Non-small cell lung cancer (NSCLC) is the leading cause of lung cancer-related deaths worldwide. Tumor-associated macrophages (TAMs), which can be polarized into tumor-promoting M2 phenotype, overexpress folate receptor beta (FRβ) and are associated with poor prognosis in NSCLC. In addition, calpain-2 (CAPN2) is overexpressed in NSCLC and is involved in tumor growth. To improve the anticancer efficacy of drugs and reduce their side effects in the treatment of NSCLC, it is important to develop smart drug delivery systems with specific targeting ability and controlled release mechanisms. In this study, FRβ-targeted pH-sensitive liposomes were designed as carriers to ensure efficient drug delivery and acid-responsive release in NSCLC cells. Folate-mediated targeting of FRβ in M2 TAMs and NSCLC cells effectively inhibited tumor growth and the stimulus-responsive drug release reduced the toxic side effects of the drug. The combination of doxycycline (anti-CAPN2) and docetaxel (anticancer drug) showed a synergistic inhibitory effect on tumor growth by suppressing CAPN2 expression.

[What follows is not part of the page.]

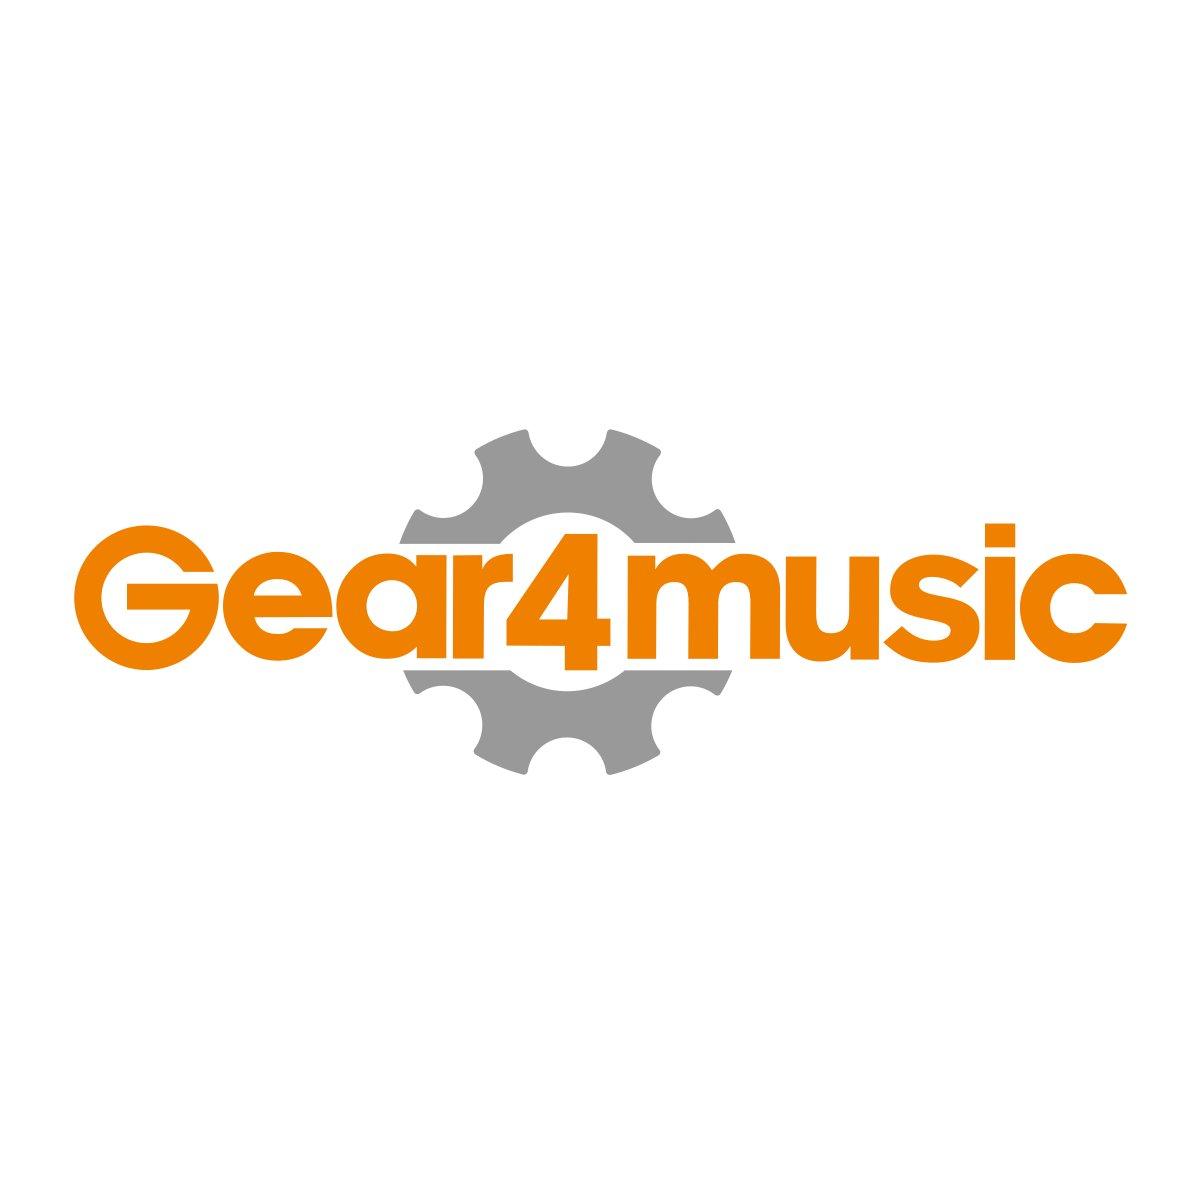 Bombardino de Estudiante de 3 Válvulas de Gear4music

非小细胞肺癌（NSCLC）是全球肺癌相关死亡的主要原因。肿瘤相关的巨噬细胞（TAM），可以极化成促进肿瘤的M2表型，过表达叶酸受体β（FRβ），并且与NSCLC的不良预后有关。此外，钙蛋白酶2（CAPN2）在NSCLC中过表达，并参与肿瘤的生长。为了提高药物的抗癌功效并减少其在NSCLC治疗中的副作用，重要的是开发具有特定靶向能力和控释机制的智能药物递送系统。在这项研究中，针对FRβ的pH敏感脂质体被设计为载体，以确保在NSCLC细胞中有效的药物递送和酸响应释放。叶酸介导的对M2 TAM和NSCLC细胞中FRβ的靶向有效抑制了肿瘤的生长，刺激反应性药物的释放降低了该药物的毒副作用。强力霉素（抗CAPN2）和多西他赛（抗癌药）的组合通过抑制CAPN2的表达，对肿瘤的生长具有协同抑制作用。